A List Apart

Illustration of a hand pointing with many symbolic noises surrounding it.

Illustration by Justin Mezzell

Multimodal Perception: When Multitasking Works

Word on the street is that multitasking is impossible. The negative press may have started with HCI pioneer Clifford Nass, who published studies showing that people who identify as multitaskers are worse at context switching, worse at filtering out extraneous information, worse at remembering things over the short term, and have worse emotional development than unitaskers.

Article Continues Below

With so much critical attention given to multitasking, it’s easy to forget that there are things our brains can do simultaneously. We’re quite good at multimodal communication: communication that engages multiple senses, such as visual-tactile or audio-visual. Understanding how we process mixed input can influence the design of multimedia presentations, tutorials, and games.

When I began researching multimodal communication, I discovered a field brimming with theories. The discipline is still too new for much standardization to have evolved, but many studies of multimodality begin with Wickens’s multiple resource theory (MRT). And it’s that theory that will serve as a launch point for bringing multimodality into our work.

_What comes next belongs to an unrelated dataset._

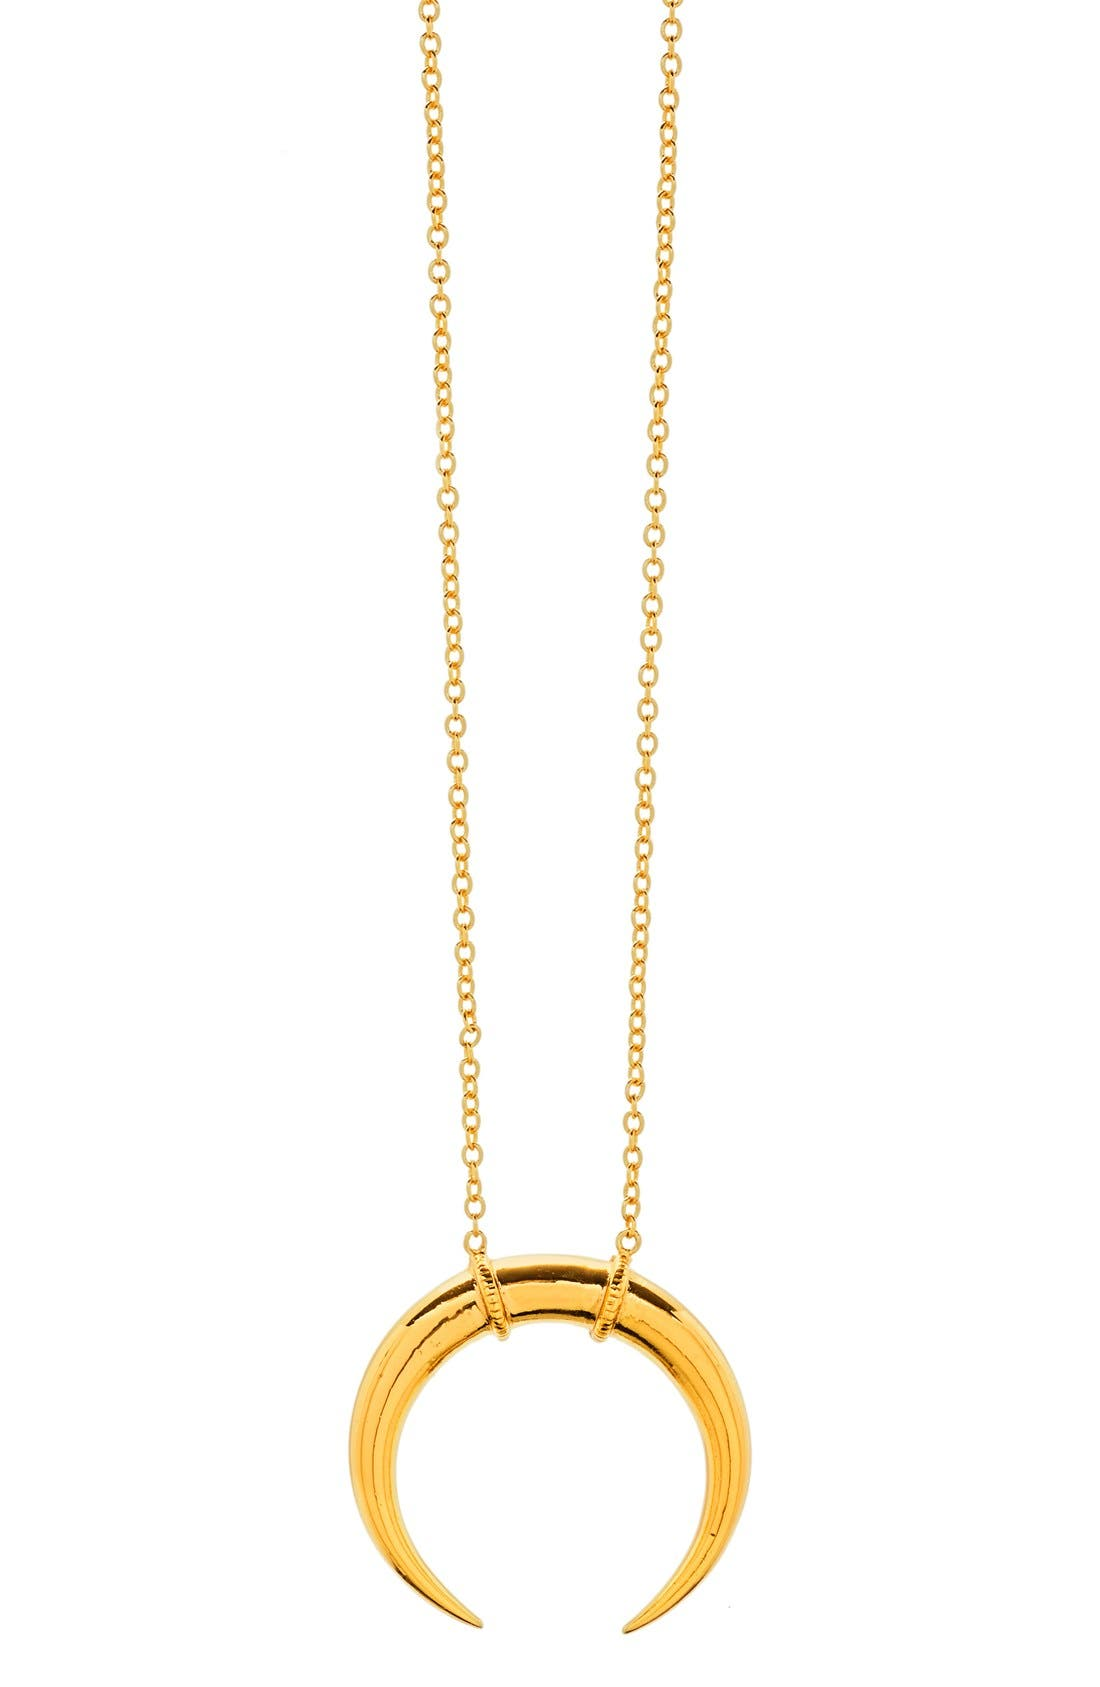 gorjana 'Cayne' Crescent Pendant Necklace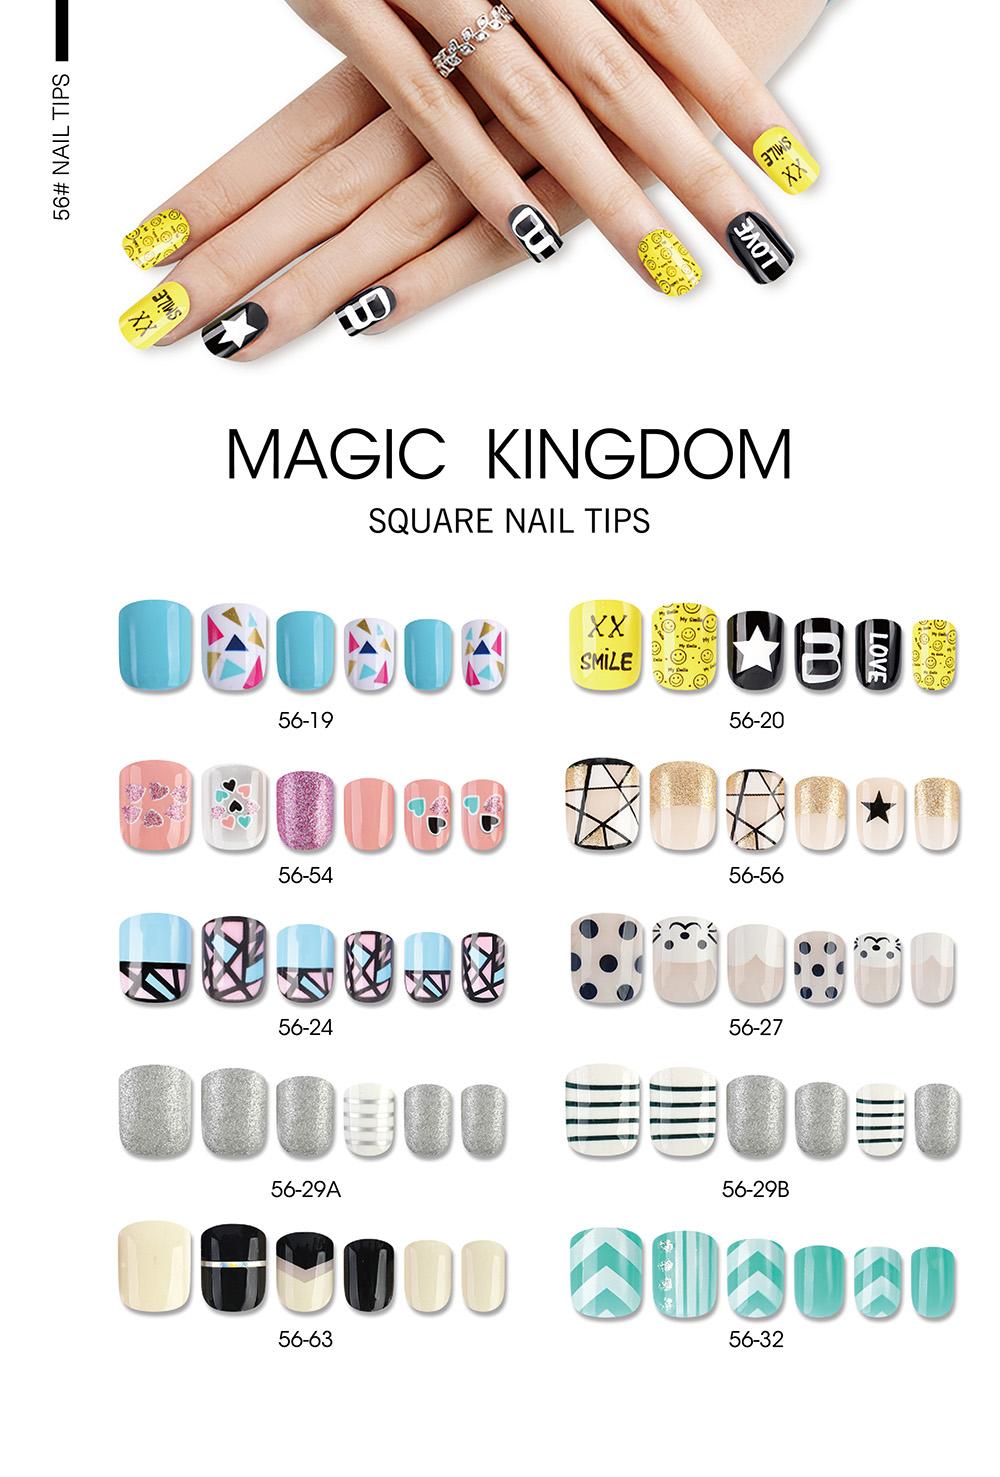 MAGIC KINGDOM SQUARE NAIL TIPS

Wickens’s multiple resource theory

Luckily, Wickens saved us some heavy lifting by writing a paper summarizing the decades of research (PDF) he spent developing MRT. Its philosophical roots, he explains, are in the 1940s through 1960s, when psychologists theorized that time is a bottleneck; according to this view, people can’t process two things simultaneously. But, Wickens explains, such theories don’t hold up when considering “mindless” tasks, like walking or humming, that occupy all of a person’s time but nevertheless leave the person free to think about other things.

Several works from the late 1960s and early 1970s redefine the bottleneck theory, proposing that what is limited is, in fact, cognitive processing power. Following this train of thought, humans are like computers with a CPU that can only deal with a finite amount of information at once. This is the “resource” part of MRT: the limitation of cognitive resources to deal with incoming streams of information. (MRT thus gives credence to the “mobile first” approach; it’s often best to present only key information up front because of people’s limited processing power.)

The “multiple” part of the theory deals with how processing is shared between somewhat separate cognitive resources. I say somewhat separate because even for tasks using seemingly separate resources, there is still a cost of executive control over the concurrent tasks. This is again similar to computer multiprocessing, where running a program on two processors is not twice as efficient as running it on one, because some processing capacity must be allocated to dividing the work and combining the results.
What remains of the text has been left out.